Is the paper clean and fresh, or is it yellowed and wrinkled? What is the style of the font? What is the size of the font? How many words are on a single page (or how much time passes between page turns)?

These non-text text issues have a bigger impact on our reading experience than we realize. The solemnity, the seriousness, the formality, the humor, the dignity of a text is often based on the font style and size, on the spacing of letters on the page.

Bias
I'm O.K., You're Biased, by Daniel Gilbert

I hate when people objectify their artistic biases. Some people essentially transform their subjective tastes on film or literature into objective systems for evaluating film or literature.

One reason I embrace Reader-Response Criticism is because it recognizes that the reader plays a role in understanding a work of literature. By accepting the reader's role, a Reader-Response Critic admits to biases in interpretation. Awareness of these biases leads to useful interpretations. Naively pretending that biases do not exist is not a helpful way to interpret art.

Adaptation: staying true to the spirit, not the letter
One of the most memorable scenes in the film One Flew Over the Cuckoo's Nest occurs when McMurphy gets Chief Bromden to play basketball.

This scene doesn't really occur in the book. McMurphy briefly gets the men on the ward to form a basketball team, but it is short-lived and doesn't feature McMurphy doing much with Chief Bromden.

However, this scene stays true to the spirit of the book, and simply makes the development in the novel visual. In the book, Chief Bromden gradually develops sanity, pride, independence, courage, and strength thanks to McMurphy. It is difficult to film the first person narration of Chief Bromden, thus difficult to show this slow development. The film simply includes this scene to make visual and brief the long development of the novel. In two scenes, we see Bromden (and all the men of the ward) grow and change.

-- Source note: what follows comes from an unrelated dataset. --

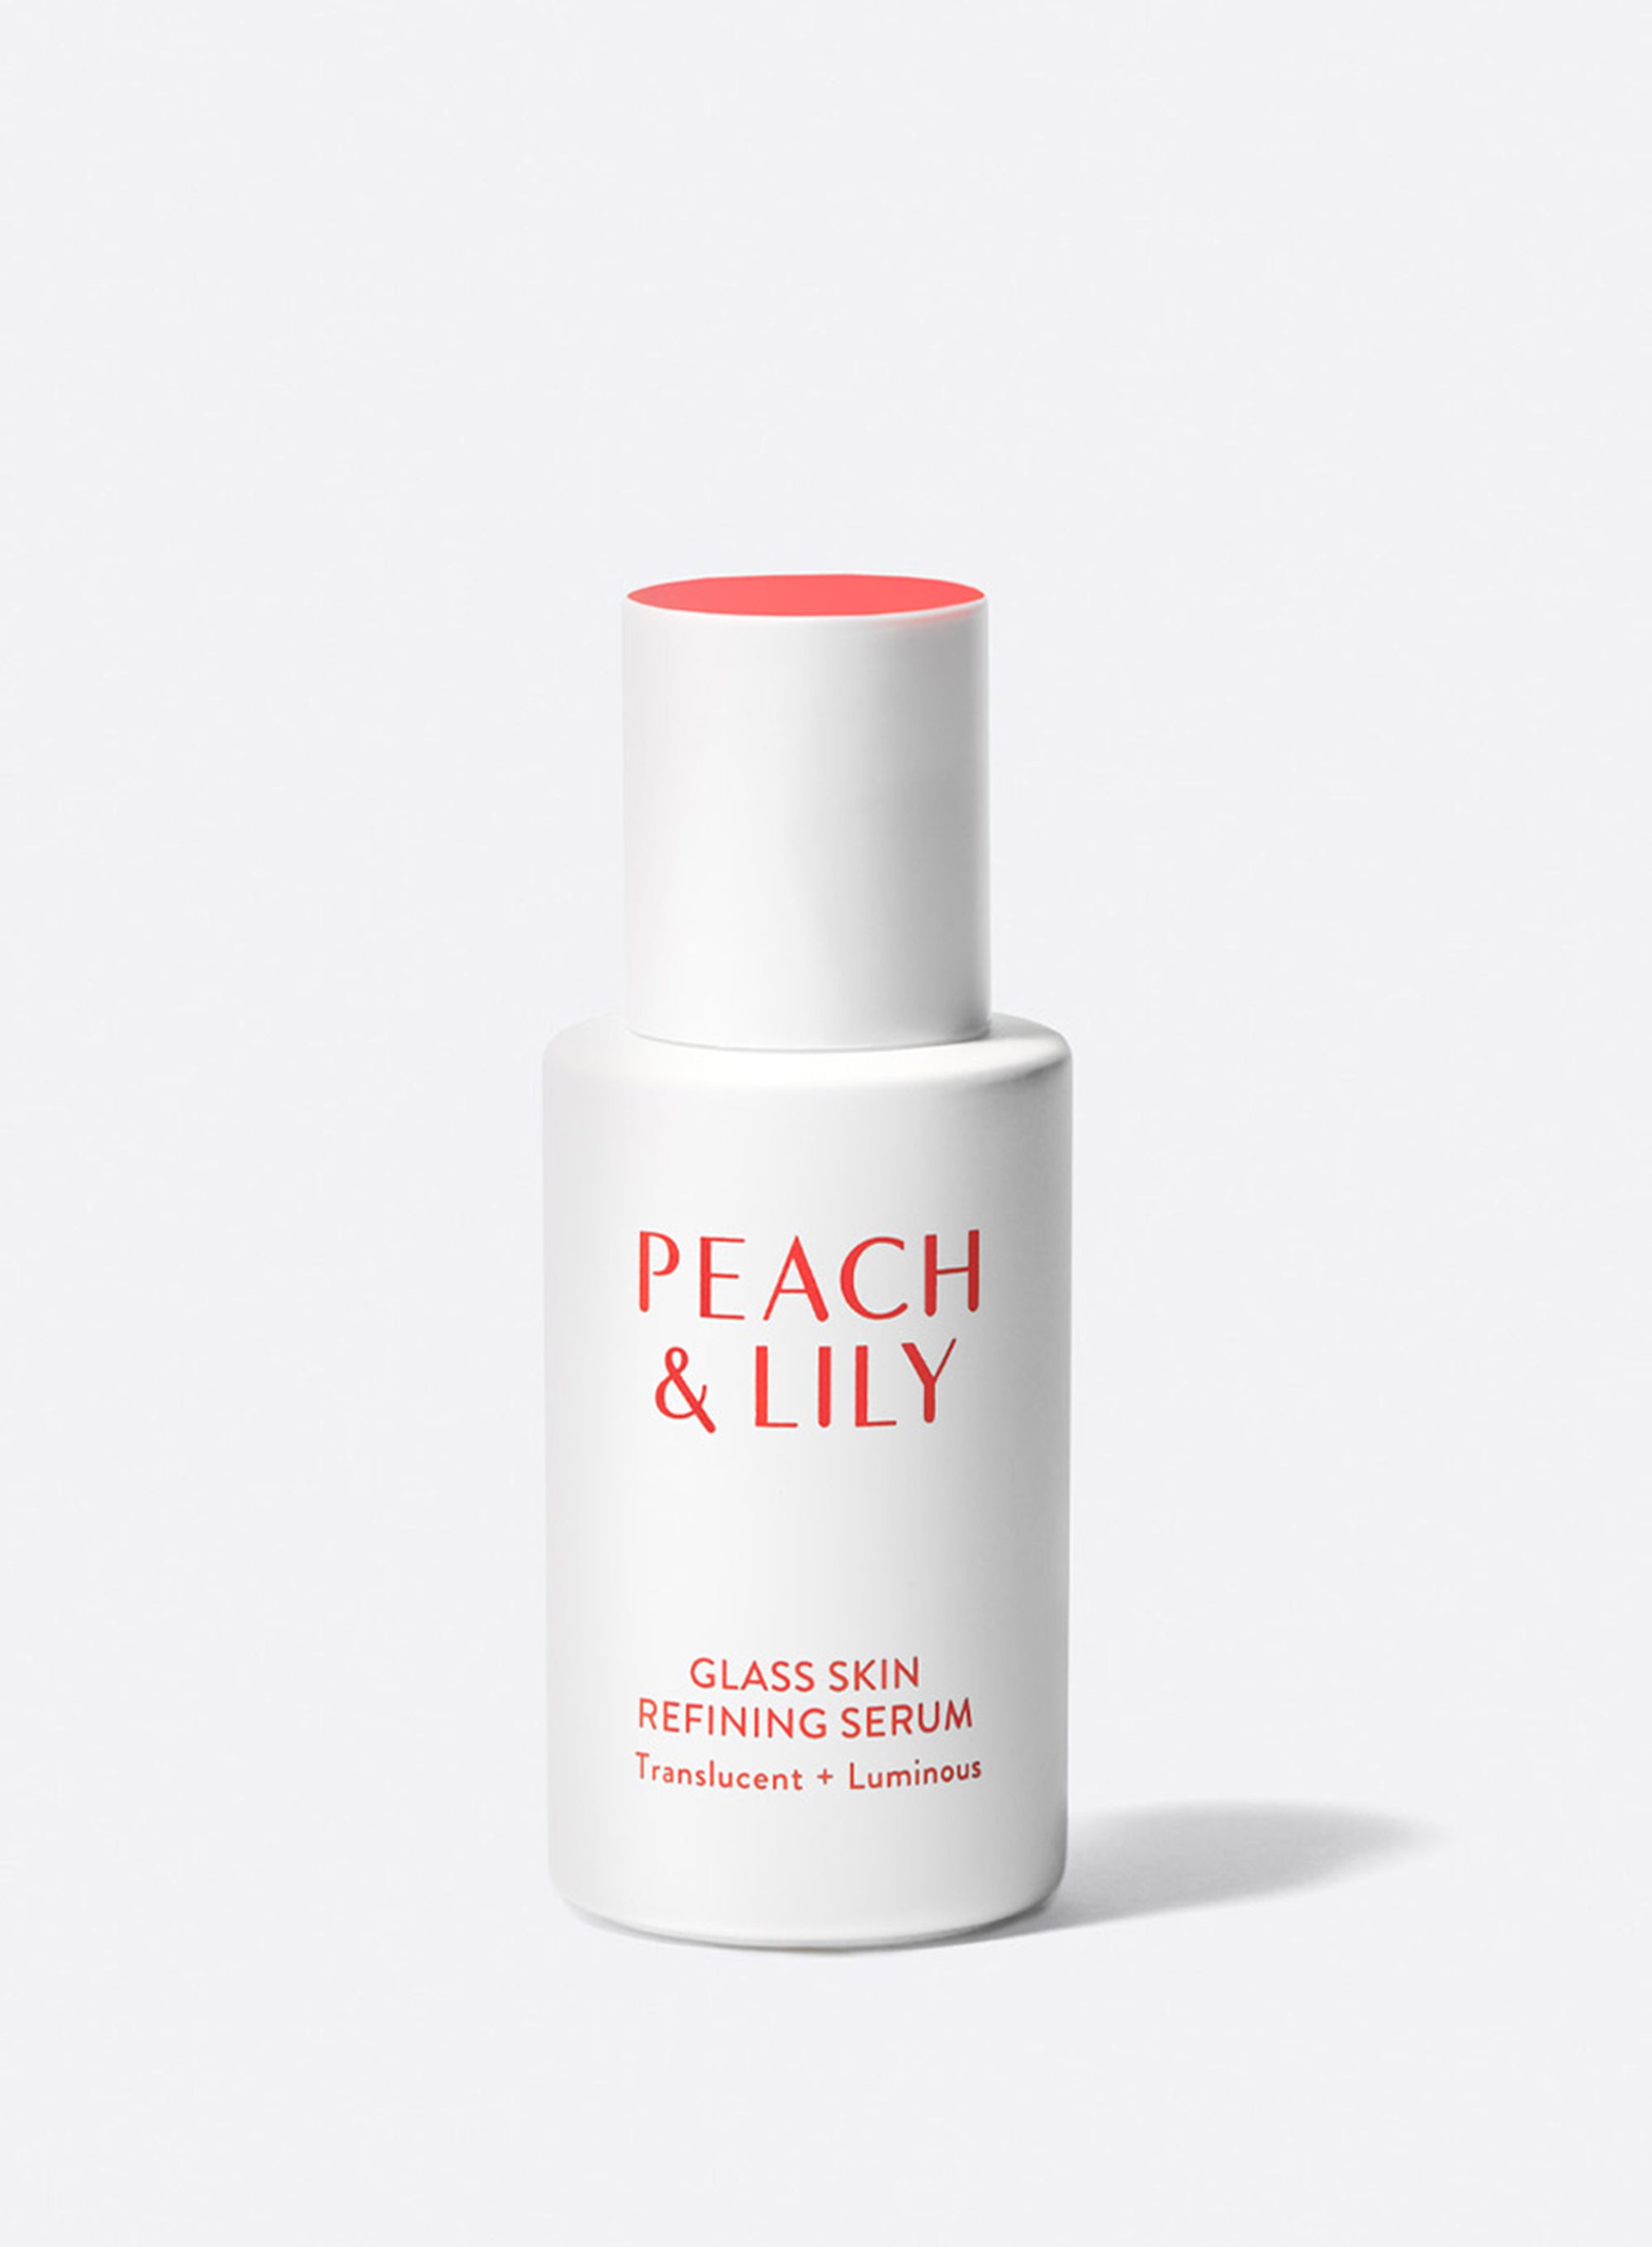 Glass Skin Renewal Travel Size Duo - PEACH & LILY, Ulta Beauty

Film adaptations must simply find ways to show us things that only the depth of a novel can truly provide. The novel offers an experience no other artform is capable of. Good adaptations (such as Cuckoo's) show this depth effectively; bad adaptations fail.

Gender construction
I spend an inordinate amount of time considering the meaning of gender identity and behavior. I believe that gender is largely socially constructed, but I also believe it would be foolish to ignore scientific knowledge of biology and chemistry. It is extremely difficult to separate social construction of gender from biological differences between men and women. Perhaps it is impossible. I've found Deborah Blum's "The Gender Blur: Where does Biology End and Society Take Over?" an interesting starting point to reflect on these issues.


Old themes are not new
I don't mind that movies like "Down in the Valley" get made, but do we really have to pretend that a film deconstructing the mythology of the Western is something new and edgy? You want to deconstruct the Western, you can start with The Wild Bunch and High Plains Drifter and Blazing Saddles and pretty much every Western made since. Let's not contend that such an effort is something dark and newly necessary.

Furthermore, let's not pretend that what Ed Norton has to say about the film is something new and edgy and dark, either. He says the movie

"is about the lack of a spiritual center, the lack of authenticity, and about a person needing a fantasy to escape the banality of modern existence. It's about a person saying, 'The way we live is so inauthentic, the spirit of things is gone.' It's the desire to escape the constraints of modern pavement."

Are we talking about T. S. Eliot's "The Wasteland" here? Or any number of movies made in the last 40 years? Seriously, start picking out movies you've seen that this passage could be describing.

Nothing irks me more than those who act like something derivative and done is something new and creative.